Agent PR Replay takes merged PRs from any repository, reverse-engineers the task prompt, runs Claude Code against it, and compares what the agent did versus what humans actually shipped. The result is targeted, empirical guidance.
git clone https://github.com/sshh12/agent-pr-replay.gitAgent PR Replay takes merged PRs from any repository, reverse-engineers the task prompt, runs Claude Code against it, and compares what the agent did versus what humans actually shipped. The result is targeted, empirical guidance.
1. **Identify Target PRs:** Select a recently merged PR from your repository that represents a non-trivial task (e.g., feature implementation, bug fix, or optimization). Focus on PRs with clear descriptions or commit messages. 2. **Run the Analysis:** Use the prompt template above, replacing [PR_NUMBER] and [REPO_URL] with the actual values. For best results, include the PR title and description in your input to help the AI infer the original prompt accurately. 3. **Review the Comparison:** Examine the AI-generated output versus the human implementation. Pay attention to differences in approach, efficiency, and edge cases handled. Use tools like `git diff` to inspect the actual changes in the PR. 4. **Extract Insights:** Document the key differences and their implications. Focus on patterns (e.g., 'AI agents often propose simpler solutions that don't account for edge cases' or 'Humans over-engineer solutions when real-time updates are required'). 5. **Refine Workflows:** Use the insights to improve your prompt engineering practices. For example, if AI agents consistently miss real-time requirements, add explicit constraints to your prompts. Share findings with your team to standardize prompt templates.
No install command available. Check the GitHub repository for manual installation instructions.
git clone https://github.com/sshh12/agent-pr-replayCopy the install command above and run it in your terminal.
Launch Claude Code, Cursor, or your preferred AI coding agent.
Use the prompt template or examples below to test the skill.
Adapt the skill to your specific use case and workflow.
I need to analyze the merged PR [PR_NUMBER] from [REPO_URL]. Extract the original task prompt that triggered the PR (if not explicitly stated, infer it from the PR description and code changes). Then, simulate what an AI agent would have produced when given that prompt using Claude Code.
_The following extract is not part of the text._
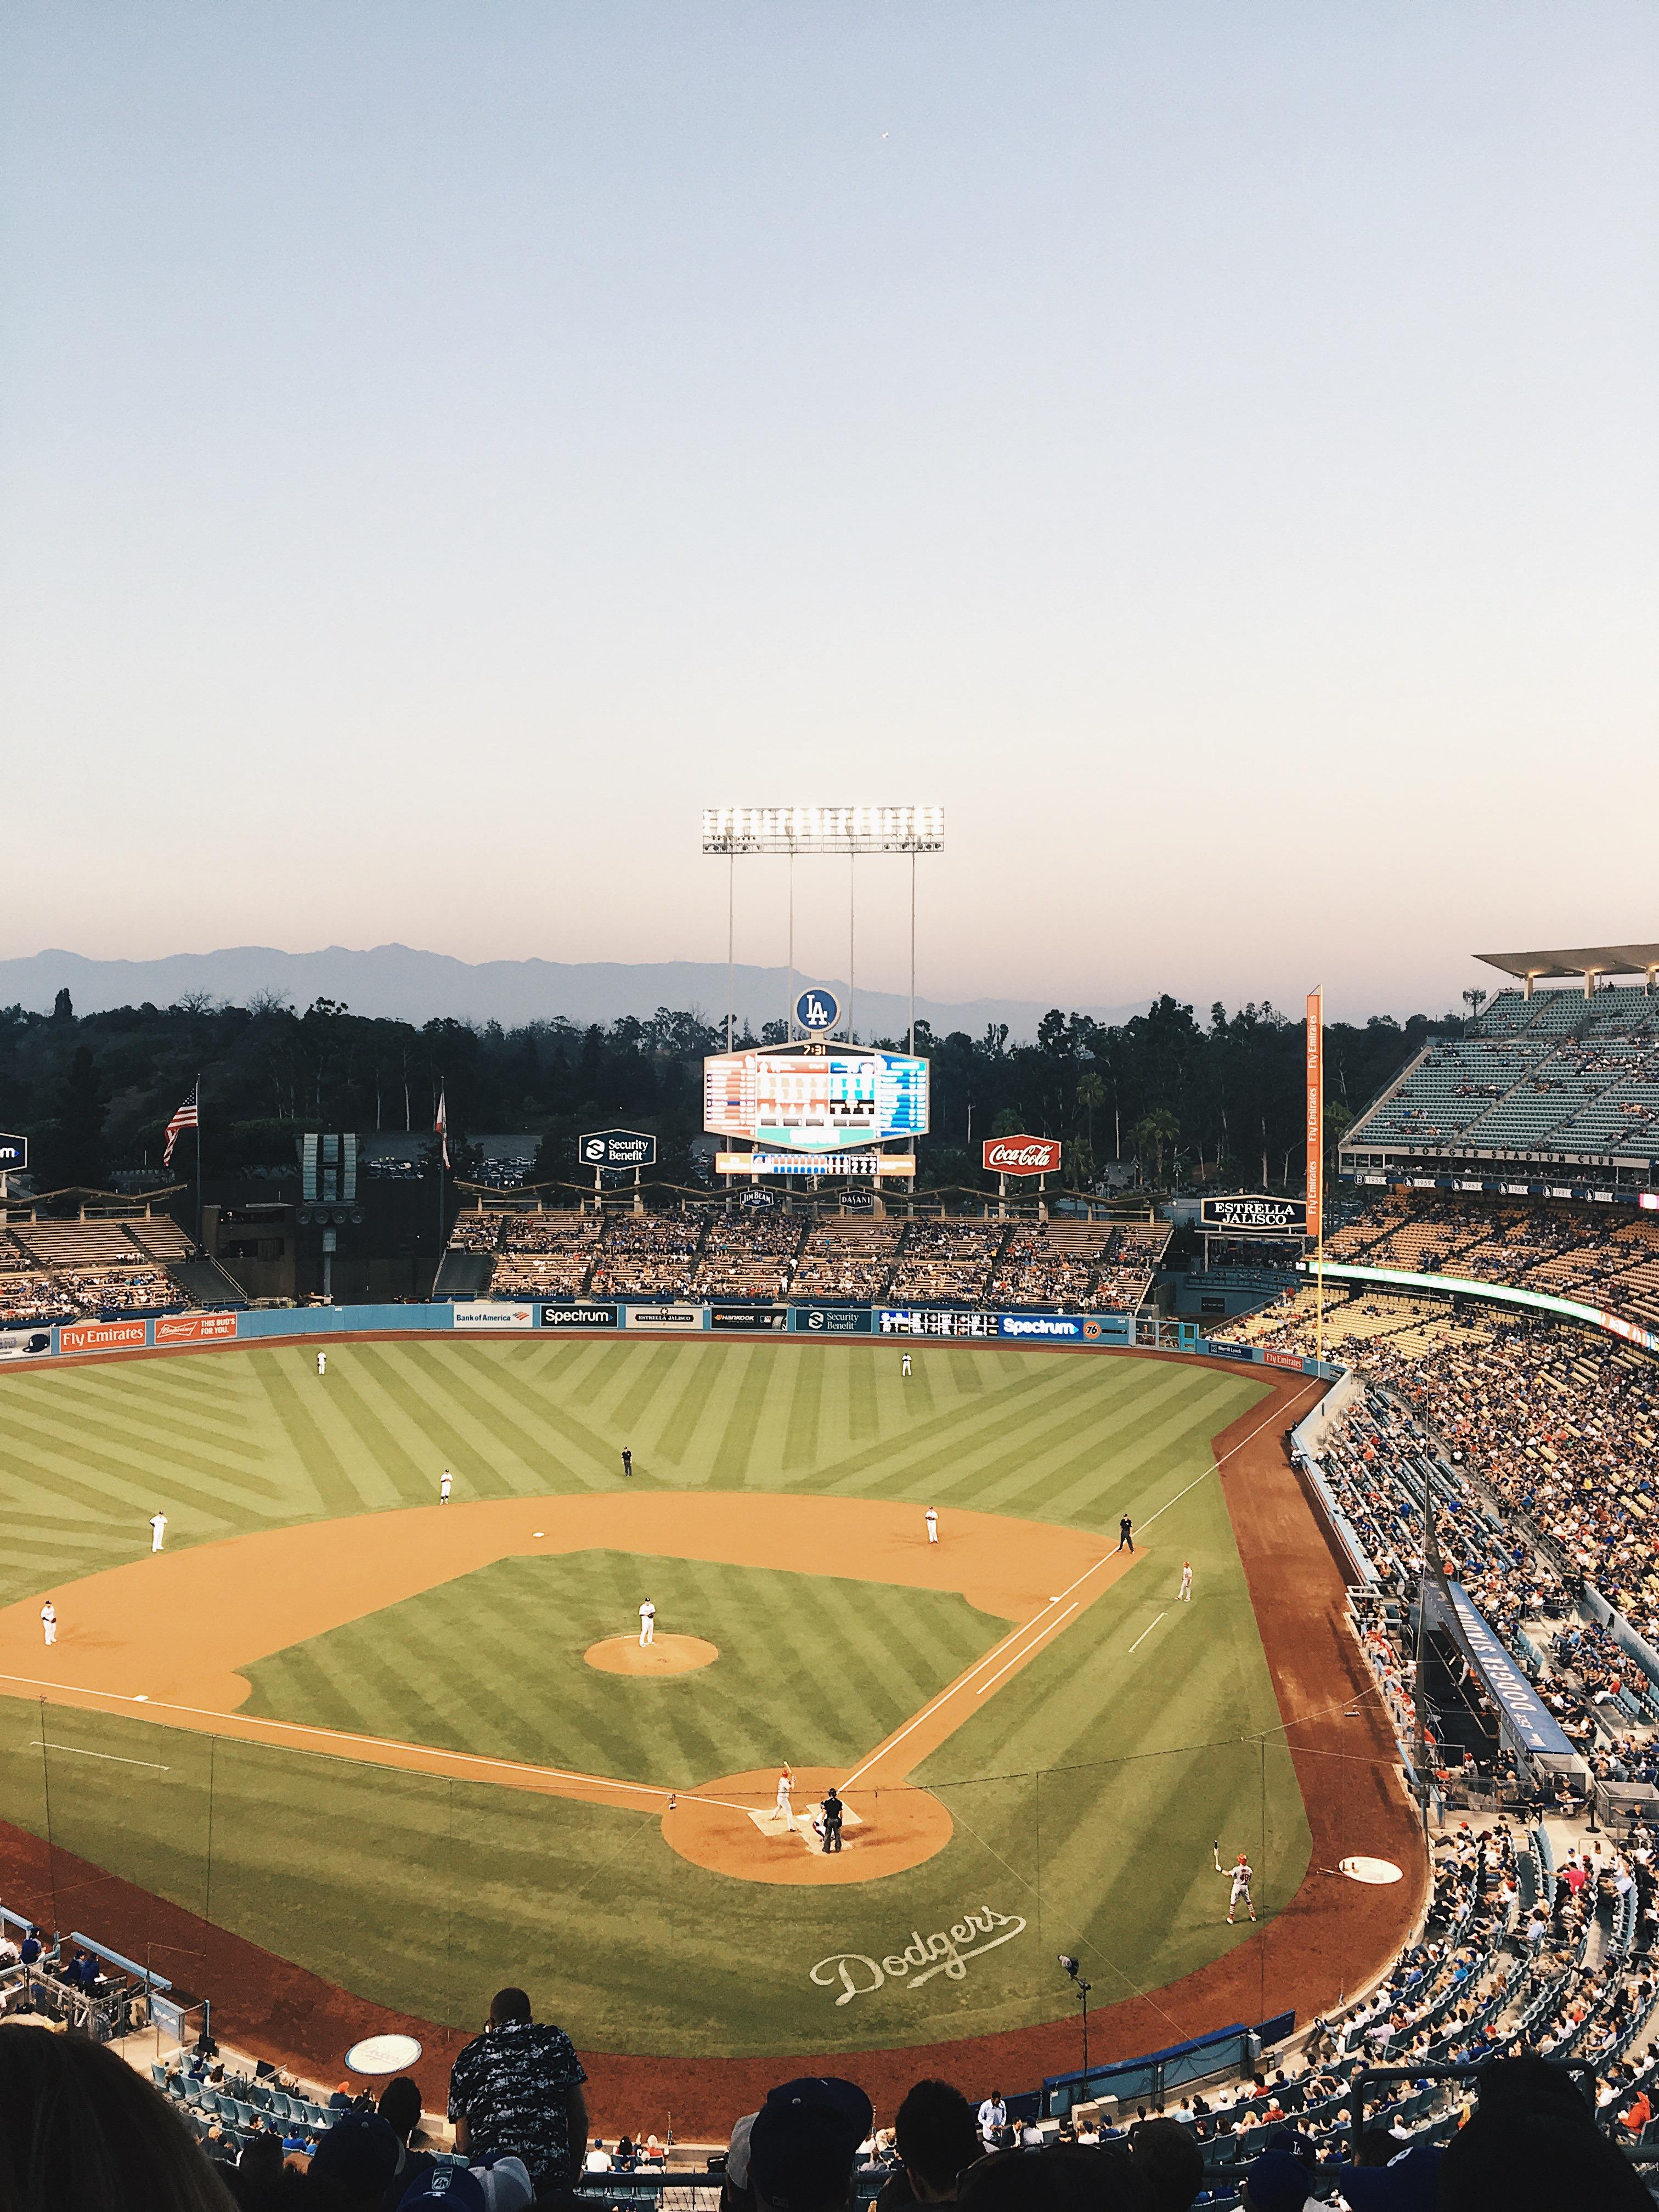 Baseball game dodgers

Compare the AI-generated output with the actual human implementation in the PR. Highlight key differences in approach, quality, and efficiency. Finally, provide actionable recommendations for improving future AI agent prompts or workflows based on these insights.
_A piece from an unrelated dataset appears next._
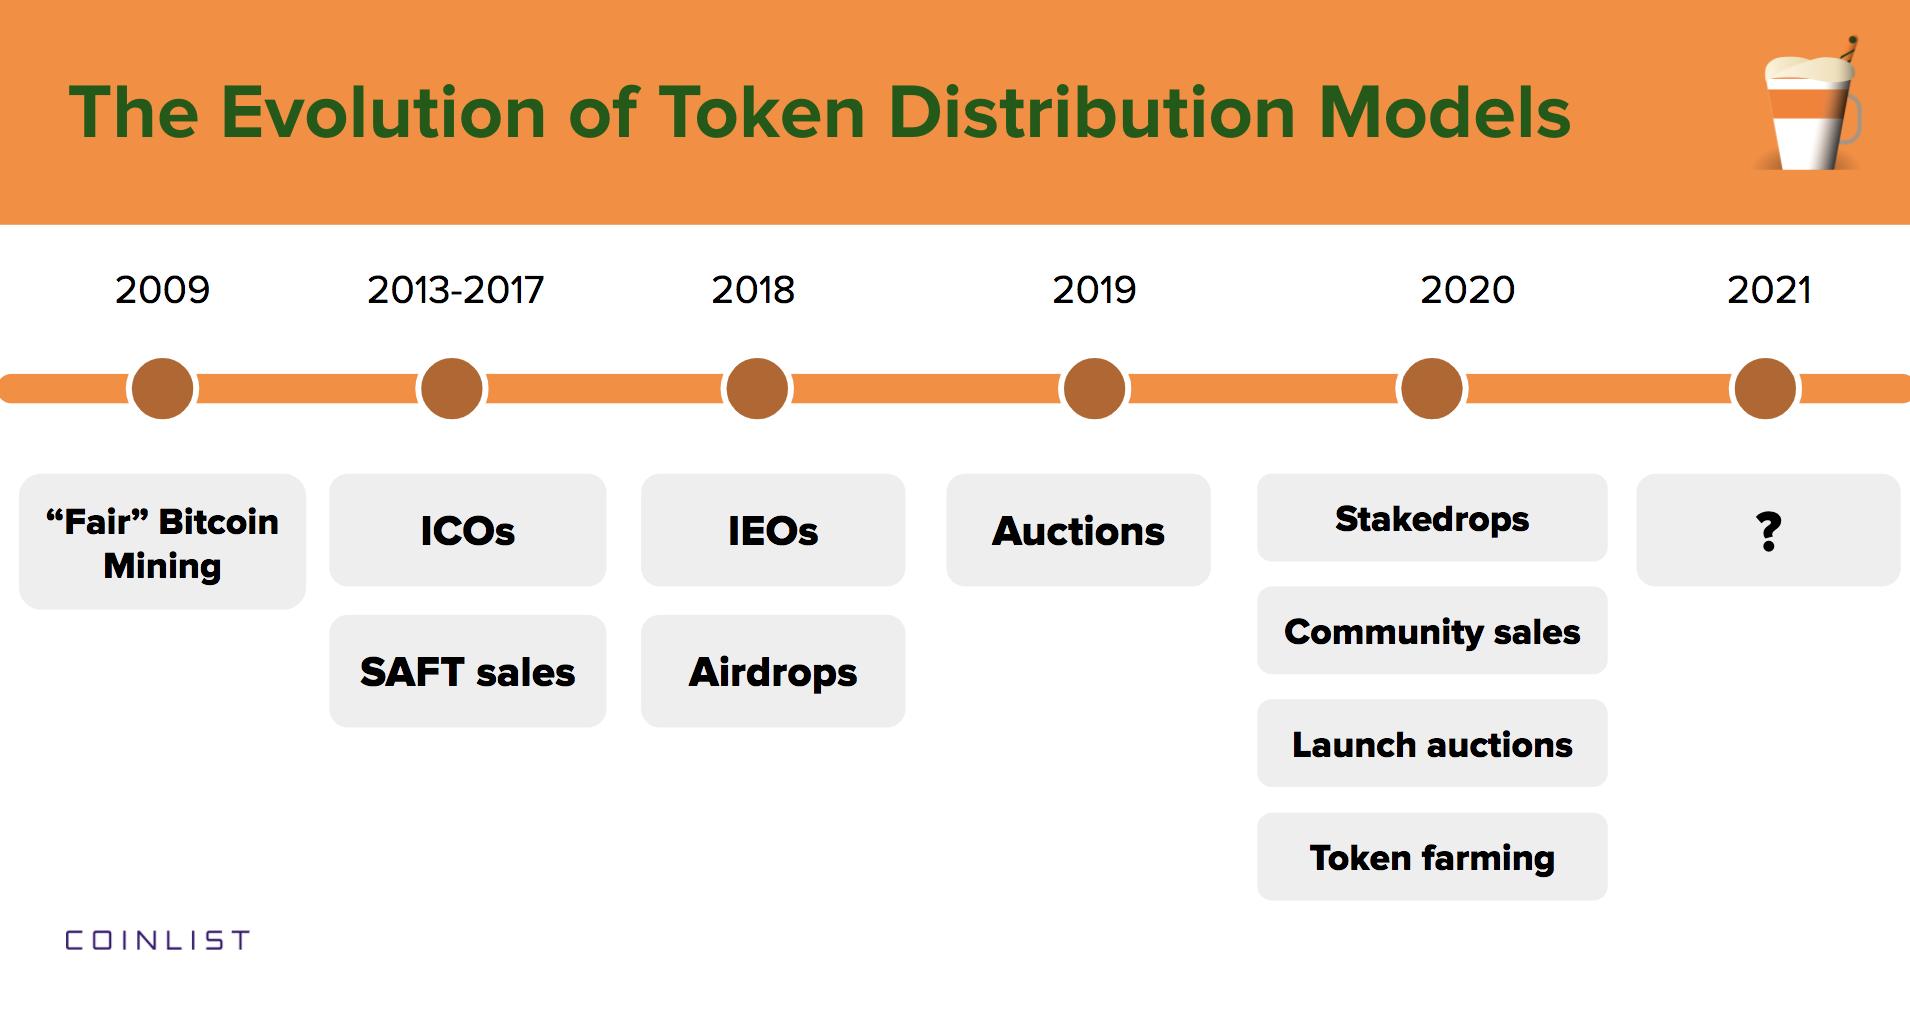 [Coinlist] The Evolution of Token Distribution Models - AZCoin News

Analyzing PR #142 from the `data-pipelines` repository (https://github.com/acme/data-pipelines/pull/142), which merged a new feature to optimize the ETL process for customer transaction data. The PR description stated: 'Add a new column to the transactions table that calculates the rolling 7-day average purchase amount per customer, partitioned by customer_id.'
**Inferred Original Prompt:**
'Write a SQL query to add a computed column to the transactions table that calculates the 7-day rolling average of purchase amounts, grouped by customer_id. The column should be named rolling_7day_avg and should be updated automatically as new transactions are inserted.'
**AI Agent Simulation (Claude Code Output):**
```sql
ALTER TABLE transactions
ADD COLUMN rolling_7day_avg DECIMAL(10,2);
-- Create a materialized view for the rolling average
CREATE MATERIALIZED VIEW customer_rolling_avg AS
SELECT
customer_id,
AVG(amount) OVER (
PARTITION BY customer_id
ORDER BY transaction_date
ROWS BETWEEN 6 PRECEDING AND CURRENT ROW
) AS rolling_7day_avg
FROM transactions;
```
**Human Implementation (Actual PR):**
```sql
-- Added a trigger-based solution
CREATE OR REPLACE FUNCTION update_rolling_avg()
RETURNS TRIGGER AS $$
BEGIN
UPDATE transactions
SET rolling_7day_avg = (
SELECT AVG(amount)
FROM transactions t2
WHERE t2.customer_id = NEW.customer_id
AND t2.transaction_date BETWEEN NEW.transaction_date - INTERVAL '7 days' AND NEW.transaction_date
)
WHERE id = NEW.id;
RETURN NEW;
END;
$$ LANGUAGE plpgsql;
CREATE TRIGGER trg_update_rolling_avg
AFTER INSERT ON transactions
FOR EACH ROW EXECUTE FUNCTION update_rolling_avg();
```
**Key Differences:**
1. **Approach:** The AI agent proposed a materialized view, which would require periodic refreshes, while the human implemented a trigger-based solution for real-time updates.
2. **Performance:** The trigger approach ensures data consistency at write-time, while the materialized view would need to be refreshed to stay current.
3. **Complexity:** The human solution required additional PL/pgSQL expertise, which the AI agent didn't account for.
**Actionable Recommendations:**
1. **Prompt Refinement:** Future prompts should specify whether real-time updates are required (e.g., 'Ensure the rolling average is updated in real-time as new transactions are inserted').
2. **Database Constraints:** The prompt should include database-specific constraints (e.g., 'Use PostgreSQL triggers for real-time updates').
3. **Testing Requirements:** Add a requirement to test performance under high write loads, as triggers can impact insert performance.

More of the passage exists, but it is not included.